Хозяйка медленно пошла к дому. По шоссе спускалась новая колонна.
Красноватое зарево Парижа на горизонте. Затемнение... Париж - и
затемнение! Впрочем, чему удивляться: вот-вот объявят войну. И все-таки
странно: Париж погрузится в темноту. Словно погаснет светоч мира.
Пригороды. Сена. Путаница маленьких переулков. Прямая, как стрела,
авеню, ведущая к Триумфальной арке. Бледная, пока еще освещенная туман- ным
светом площадь Этуаль. За аркой - Елисейские Поля, все еще также в блеске и
переливах огней.
Равик облегченно вздохнул. Он продолжал ехать по городу и вдруг увидел
- тьма действительно уже начала окутывать Париж. Словно короста на
блестящей, глянцевитой коже, то здесь, то там проступали болезненные пятна
тьмы. Пестрая мозаика световых реклам, во многих местах разъеденная длинными
тенями, угрожающе притаившимися меж немногих робких огней - красных, белых,
синих и зеленых. Отдельные улицы уже ослепли, словно по ним проползли
толстые черные змеи и раздавили блеск и сияние. Авеню Георга Пятого была уже
затемнена; на авеню Монтеня гасли последние фонари; здания, с которых по
ночам устремлялись к звездам каскады света, теперь таращились в полумрак
голыми, серыми фасадами. Половина авеню Виктора-Эммануила погрузилась в
темноту; другая еще была освещена. Парализованное тело, охваченное агонией,
подумал Равик. Одна его часть уже мертва, другая еще живет. Болезнь
просачивалась повсюду, и когда Равик вернулся на площадь Согласия, ее
огромный круг тоже был мертв.
Бледные и бесцветные, стояли здания министерств; погасли вереницы
огней; тритоны и нереиды, по ночам плясавшие в белой световой пене, теперь
бесформенными, серыми комьями застыли на спинах дельфинов; в сиротливых
фонтанах плескалась темная вода; некогда сверкавший Луксорский обелиск
грозным свинцовым перстом вечности устремлялся в мрачное небо; повсюду,
подобно микробам, ползли едва различимые цепочки бледно-синих лампочек
противовоздушной обороны; гнилостно мерцая, они охватывали квартал за
кварталом безмолвно гибнущего города, словно пораженного каким-то
космическим туберкулезом.
Равик сдал машину в гараж, взял такси и поехал в "Энтернасьональ".
Перед парадным на стремянке стоял сын хозяйки и ввинчивал синюю лам- почку.

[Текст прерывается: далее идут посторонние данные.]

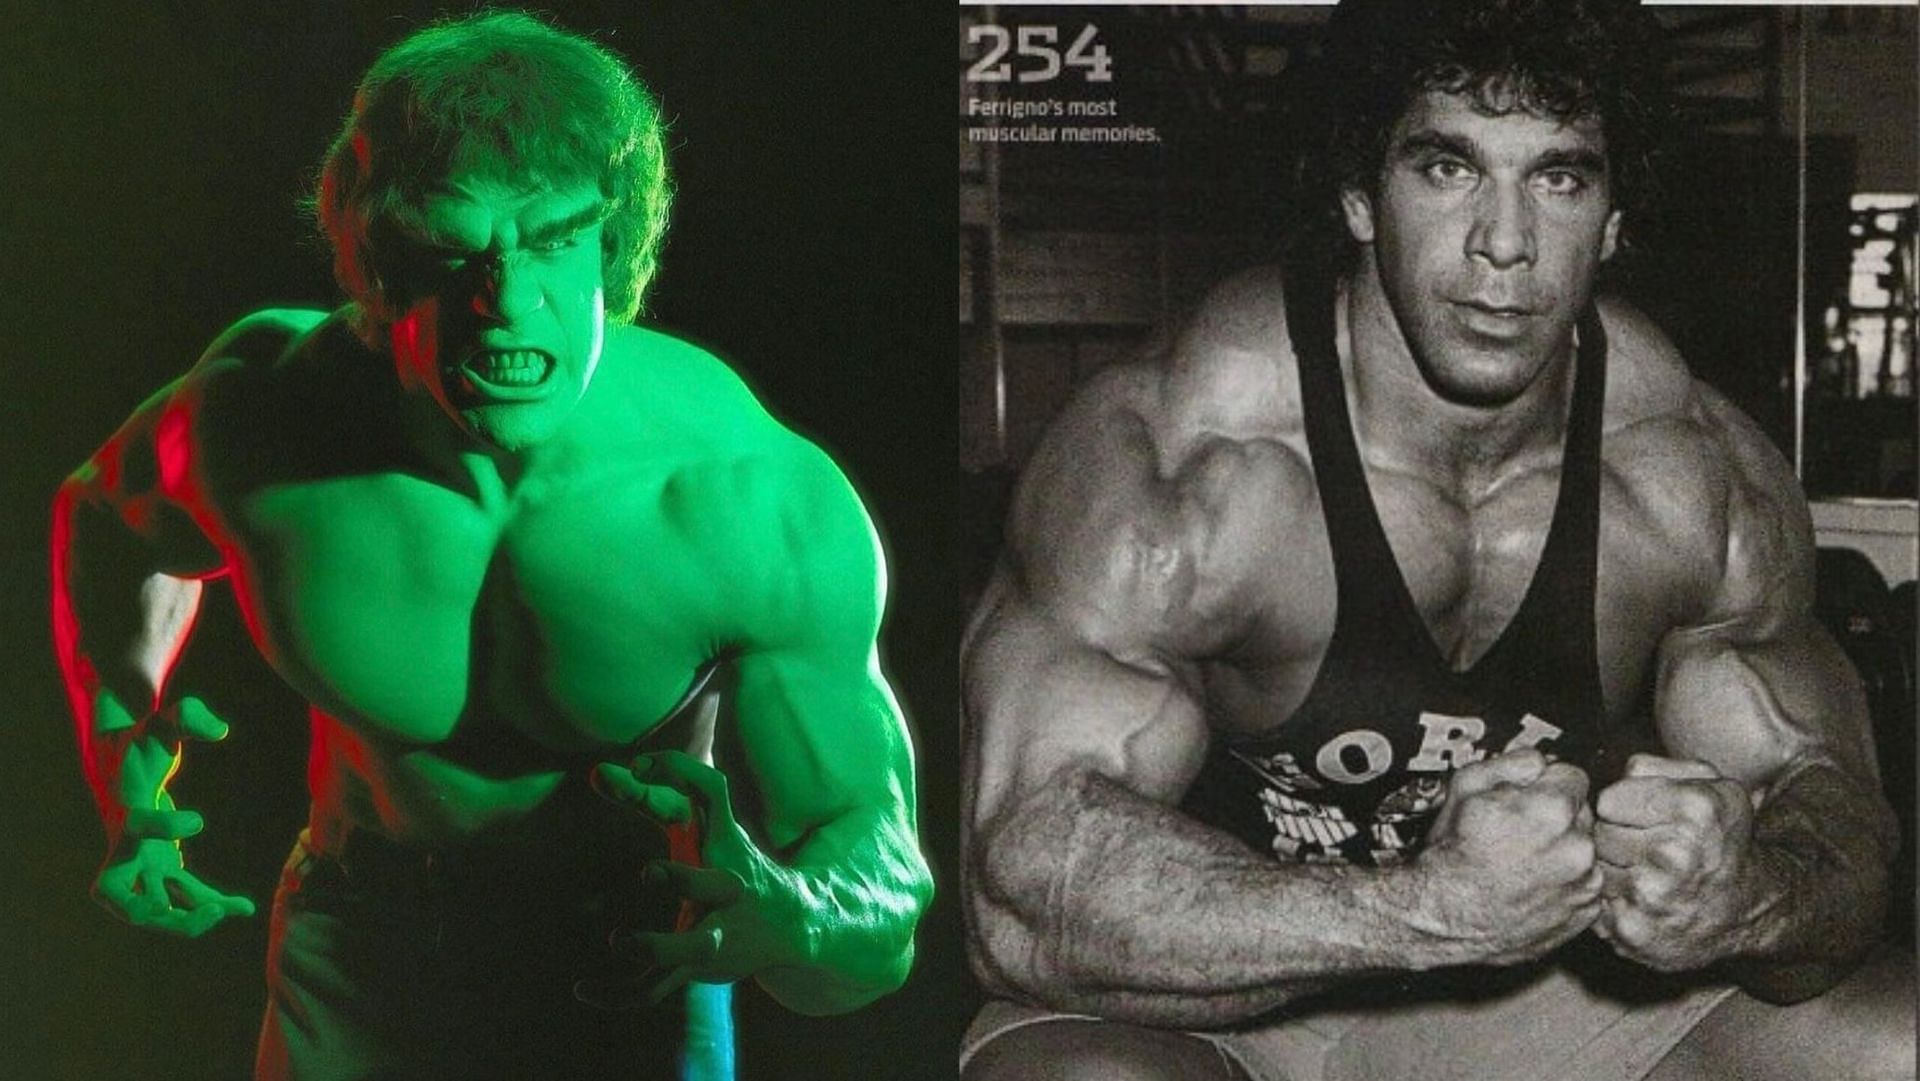 Lou Ferrigno: Discover his training to become Hullk

Вход в отель и раньше освещали ровно настолько, чтобы можно было прочесть
вывеску. Теперь же в слабом синем свете едва видна была лишь ее правая часть
- "...насьональ"...
- Как хорошо, что вы пришли, - сказала хозяйка. - У нас тут одна
женщина сошла с ума. Из седьмого номера. Очевидно, придется ей съехать. Я не
могу держать у себя в отеле помешанных.
- Может быть, это не сумасшествие, а просто нервный припадок.
- Не имеет значения! Таких надо отправлять в сумасшедший дом. Я уже
сказала ее мужу. Конечно, он и слышать об этом не хочет. А мне из-за нее
одни только неприятности. Если не успокоится, непременно заставлю съехать.

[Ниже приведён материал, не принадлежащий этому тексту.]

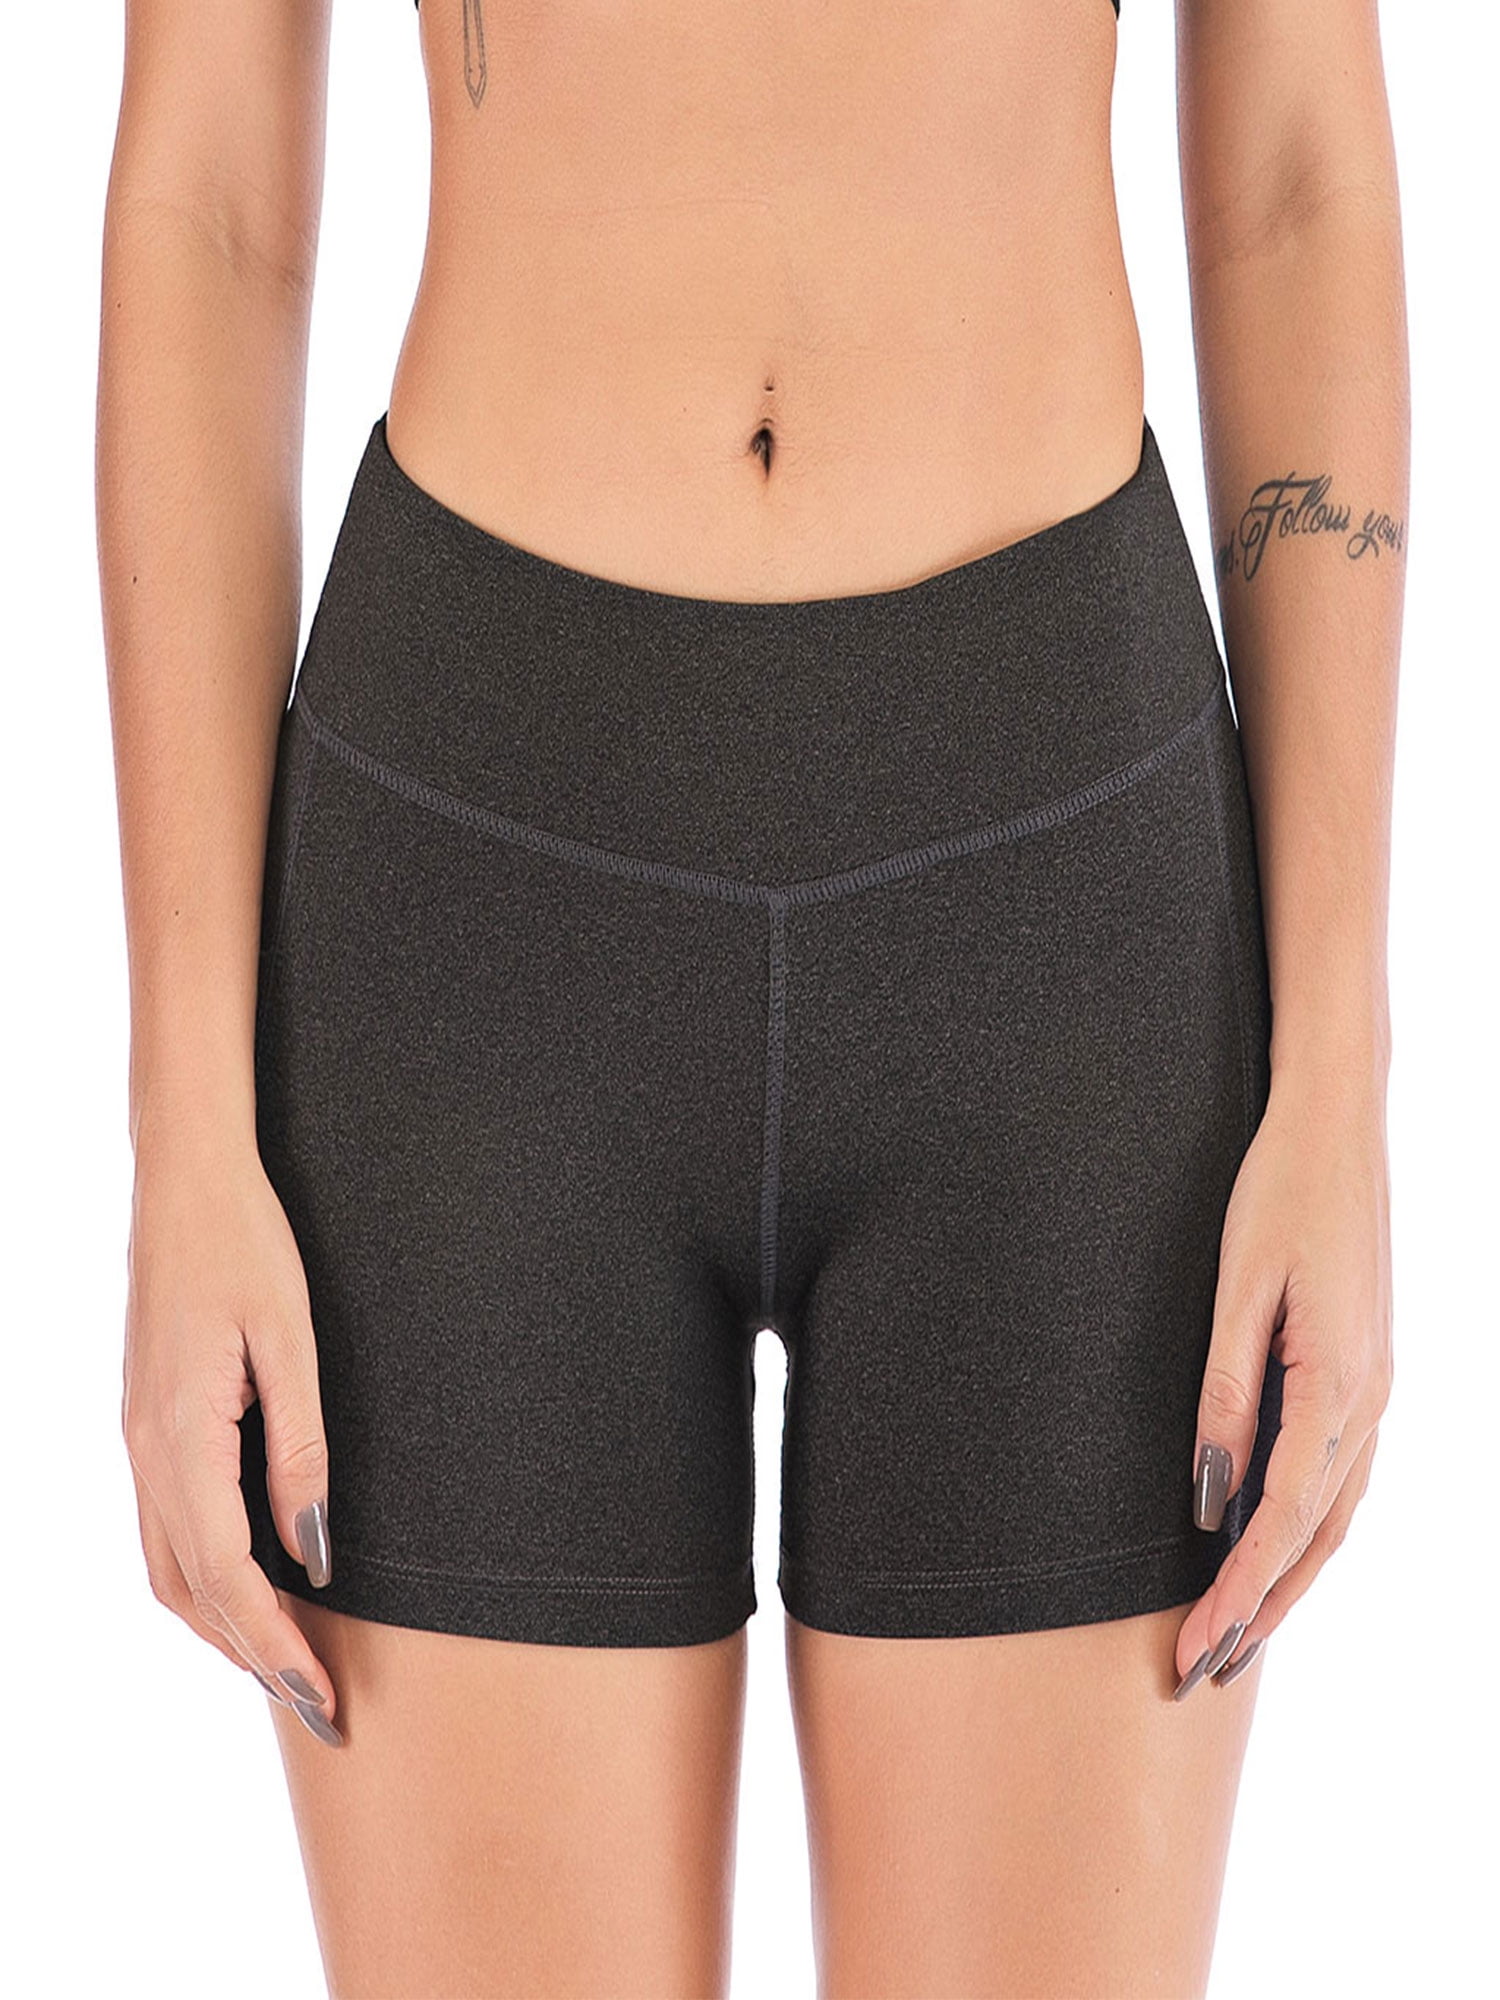 HiMONE - Activewear Bottoms for Women Workout Yoga Pockets Shorts

Так больше нельзя. Надо дать людям спать.
- Недавно в отеле "Риц" один из гостей сошел с ума, - сказал Равик. -
Какой-то принц. Так потом все американцы наперебой старались занять его
апартаменты.
- Это совсем другое дело. Тот свихнулся от своих причуд. Это даже
элегантно. А она спятила с горя.
Равик взглянул на хозяйку.
- Вы хорошо знаете жизнь, мадам.
- Должна знать. Я добра. Всегда давала приют беженцам. Всем без
исключения. Хорошо, пусть я на этом зарабатываю. Весьма умеренно, впрочем.
Но сумасшедшая, которая без конца кричит, - это уж слишком. Если не
успокоится, пусть съезжает.
Это была та самая женщина, чей сын спрашивал, почему он еврей. Она
сидела на кровати, забившись в угол и прикрыв ладонями глаза. Комната была
ярко освещена. Горели все лампы, а на столе вдобавок еще два шандала со
свечами.
- Тараканы, - бормотала женщина. - Тараканы! Черные, толстые, блестящие
тараканы! Вот они - засели во всех углах. Их тысячи, всех их не счесть...
Свет, свет, зажгите свет, а то они приползут. Свет, свет... Вот они
ползут... ползут...
Она закричала и сильнее прижалась к стене, подтянув колени к
подбородку, выставив вперед руки с растопыренными пальцами и широко раскрыв
стеклянные глаза. Муж попытался схватить ее за руки.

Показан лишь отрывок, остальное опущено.